Let me start with an extract to give you something of the feel of the book:
In the Aztec year Three Reed, in the age of the Earthquake Sun, a six-year-old girl named Mixcatl sat in a barge threading its way through the waterways of Tenochtitlan. She glowered at the passing reflections and tugged angrily at the slave yoke about her neck. Leather thongs hobbled her ankles and wrists. Her hands had been tied in front, where she could chew on the length between her wrists when the overseer wasn’t looking. She was making little progressd in freeing herself; the leather was tough.
Scowling and wincing with pain, she felt the sides of her neck above the wooden yoke, where the flesh was raw and full of splinters. A crude and clumsy thing, the collar was made of two Y-forked pieces, lashed together to form a a tight diamond-shaped opening for her neck and two handles that stuck out over her shoulders.
Mixcatl knew well what those handles were used for. She had been dragged from the jobbing lot where slaves were collected for transport to market. The collar handles made it easier for the slave traders to seize slaves and shove them into the market boat.
Reaching up awkwardly with her bound hands …
This story is different from my usual medieval reads because it is set in medieval Mexico not Europe, and from my usual fantasy fixes because the girl changes into a jaguar not a wolf. I don’t know if there were wolves in Mexico but jaguars seem to have been quite common there and very much feared. I noticed the interesting detail, too, that because jaguars are bigger than people and weigh more than them, as people the shape-changers are very heavy (dense is the right word, I think) and can’t for instance swim: they sink straight to the bottom. I would hate that. (The only shape changing I would fancy is into a mermaid!)
As a small child, Mixcatl is sold into slavery – or kidnapped and sold, it isn’t clear.
At the age of six, she arrives in Tenochtitlan, the ancient Aztec city, and there she is sold to Speaking Quail. He is a tutor at the school for young monks and priests of their appalling religion (thousands of people have their hearts torn out or their skin torn off or are burnt alive as a sacrifice every month) but he is a good man.
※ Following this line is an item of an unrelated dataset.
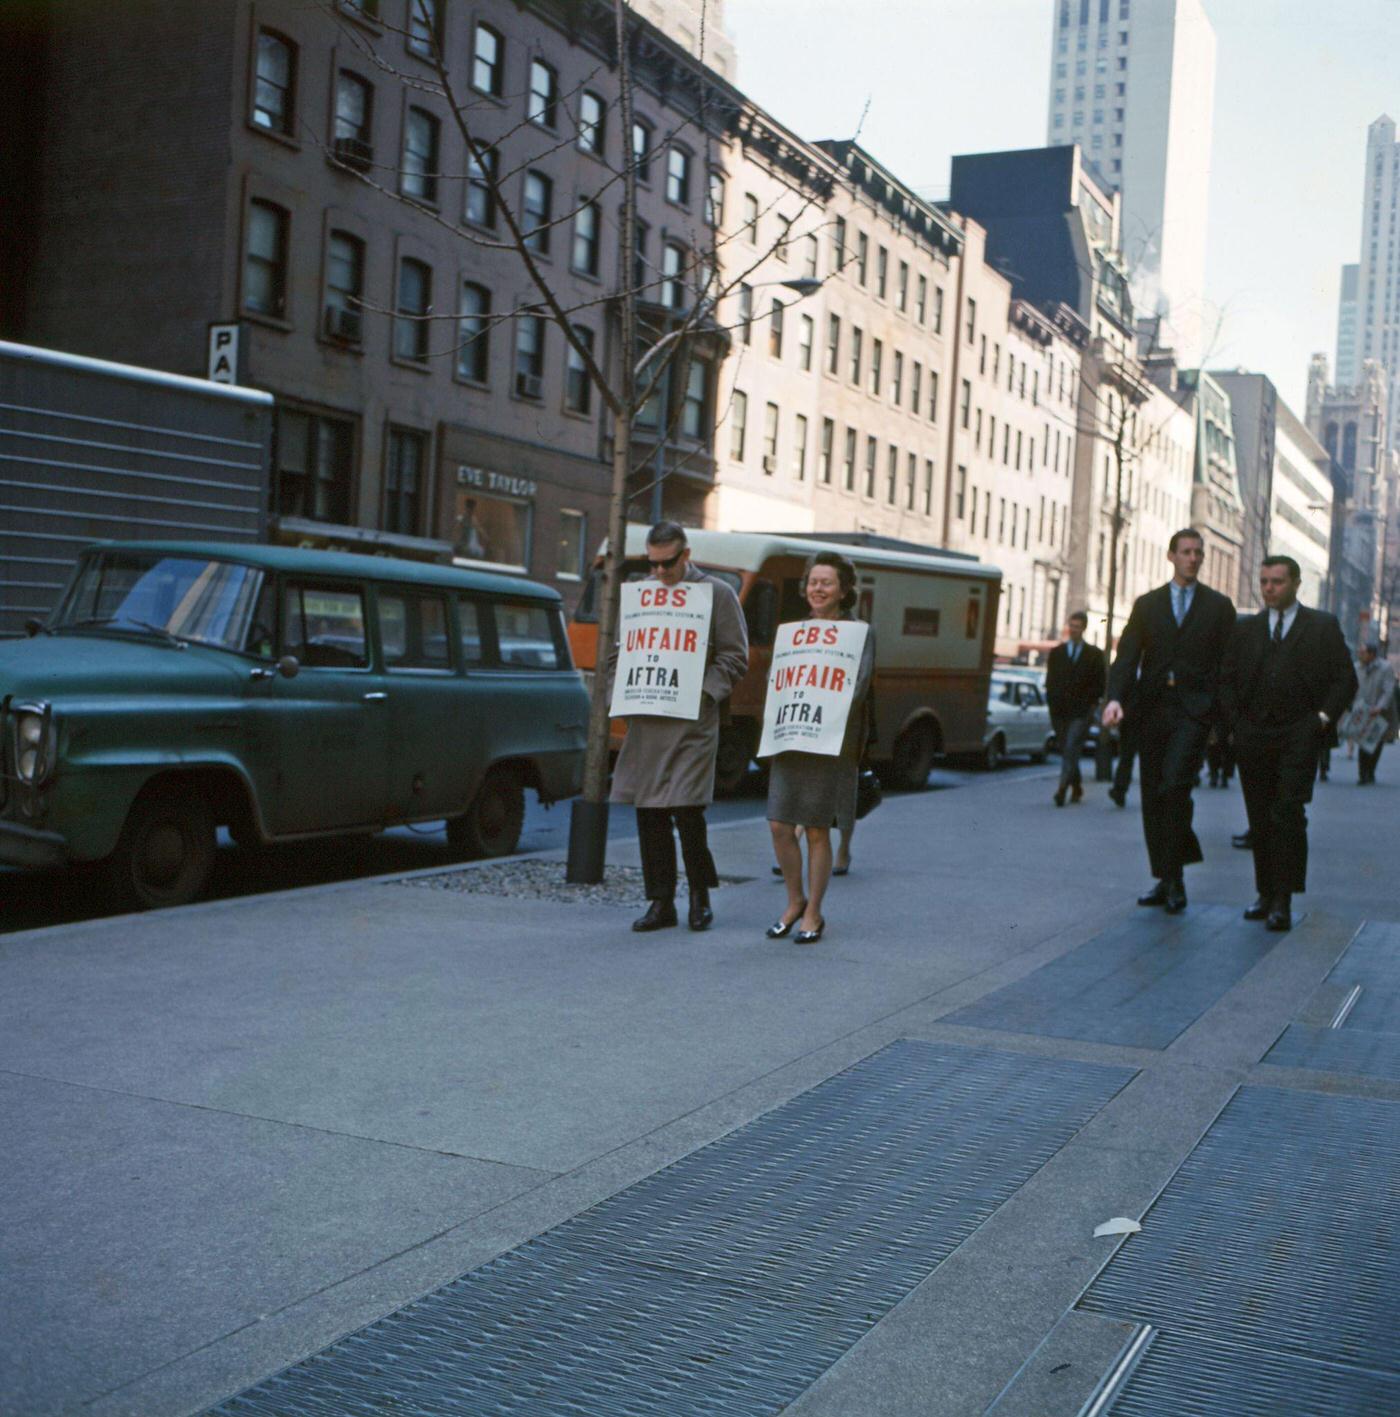 Cbs Television Employees Picket In Support Of Aftra Union Strike, Downtown Manhattan, 1967

The story depicts Mixcatl’s development as an artist and the gradual realisation that she is also a shape-shifter. The king wants to kill her – sacrifice her – but she is protected by the ruler of a neighboring state, a kind of philosopher-king who hates the religion of Tenochtitlan.
I liked the description of the city and the way of life, something I hadn’t even imagined before. And I loved Mixcatl, the jaguar princess of the title, and her mentor, the old art teacher who – but I mustn’t tell you any more. Only that after you read this you will never think of the Aztecs and Tenochtitlan the same way again.
There is a film, Cat People, with Nastassia Kinski, and you see her change into a jaguar. That and some other scenes from the film are very moving, (and should not be missed – nor should the David Bowie soundtrack, so I’m posting it here in case you have missed it!) but the story in this book is much better than the plot of that film.